Some of my most beloved childhood activities, however, sprang solely from my (and my brother’s) imagination.  We created a tabletop city of Popsicle-stick people, complete with background stories and a full genealogy.  We spent a week building and defending a rock fort outside my grandparents’ cabin.  We dreamed up complete cultures – language, history, and all.

The real magic happens when children are left to their own devices to discover their world and create new ones.  Parents are responsible for ensuring that their children’s world is one of love and trust, but also freedom.  We build the backdrop for those special memories; we can’t construct the memories ourselves.

So I’m not going to stress out about planning perfect “learning activities” for my son.  We will simply read together and talk together and play together instead.  We won’t be inviting 50 people to a themed first birthday party, because what child remembers their first birthday anyway?  And no matter how many of my husband’s friends insist that we’ll change our mind, we won’t be buying an Elf on the Shelf for Christmas.

Oh, and that special first meeting between Little Boy and his cousin?  It will be remembered far longer than any staged photograph, because it went something like this:

Uncle, to Two-Year-Old Cousin: “Want to come meet your cousin?”
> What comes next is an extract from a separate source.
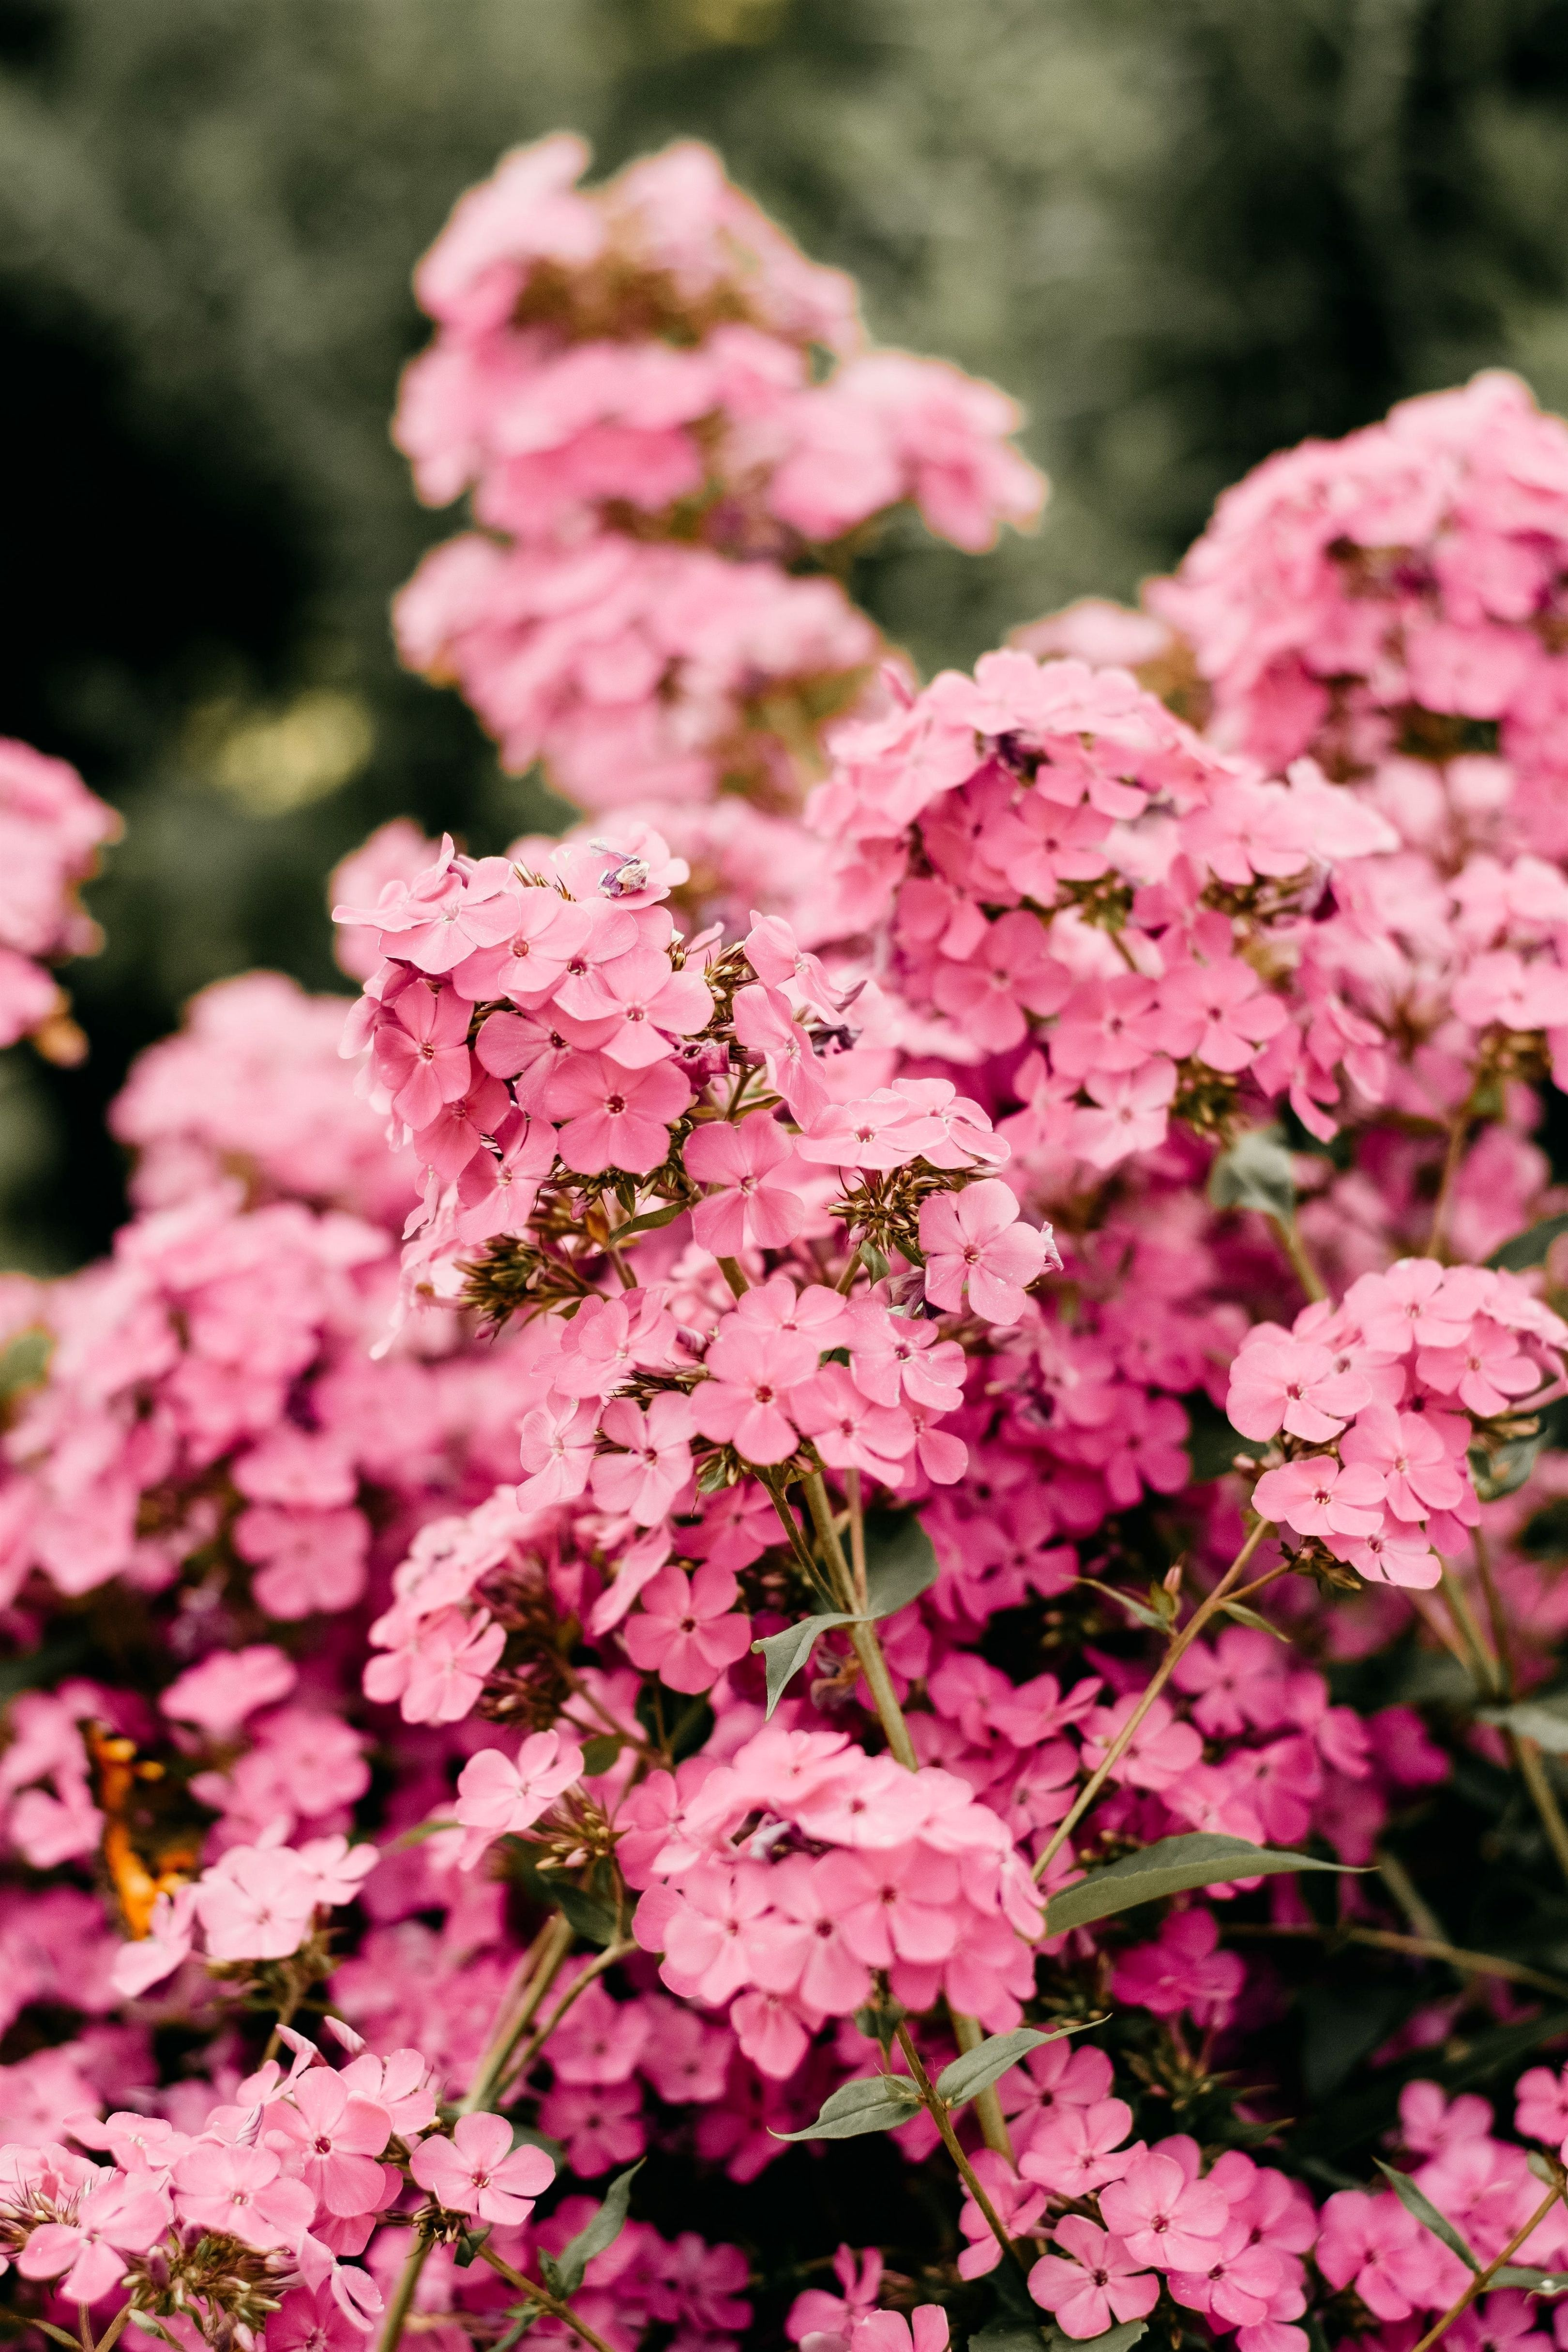 gardening tape_779_20200411103226_53 gardening australia

Two-Year-Old Cousin: “No.”

I was an imaginative child

“This song came out when I was in middle school, which was when I was still making up my own language, so I translated it.  I’ve forgotten almost all of it but there’s one line that I still remember really clearly every time.”

“You made up your own language?”

“Yeah.  I made up a whole country.  It was an island in the Pacific… an island inhabited by humanoid aliens who came to Earth because their star was about to explode.”


“I can still remember the whole national anthem – ”

“It had a national anthem?”

“Yes, and I can still remember it because it turned out to be the right tempo for running, so I would recite it in my head – all three verses and the chorus – while running up hills.”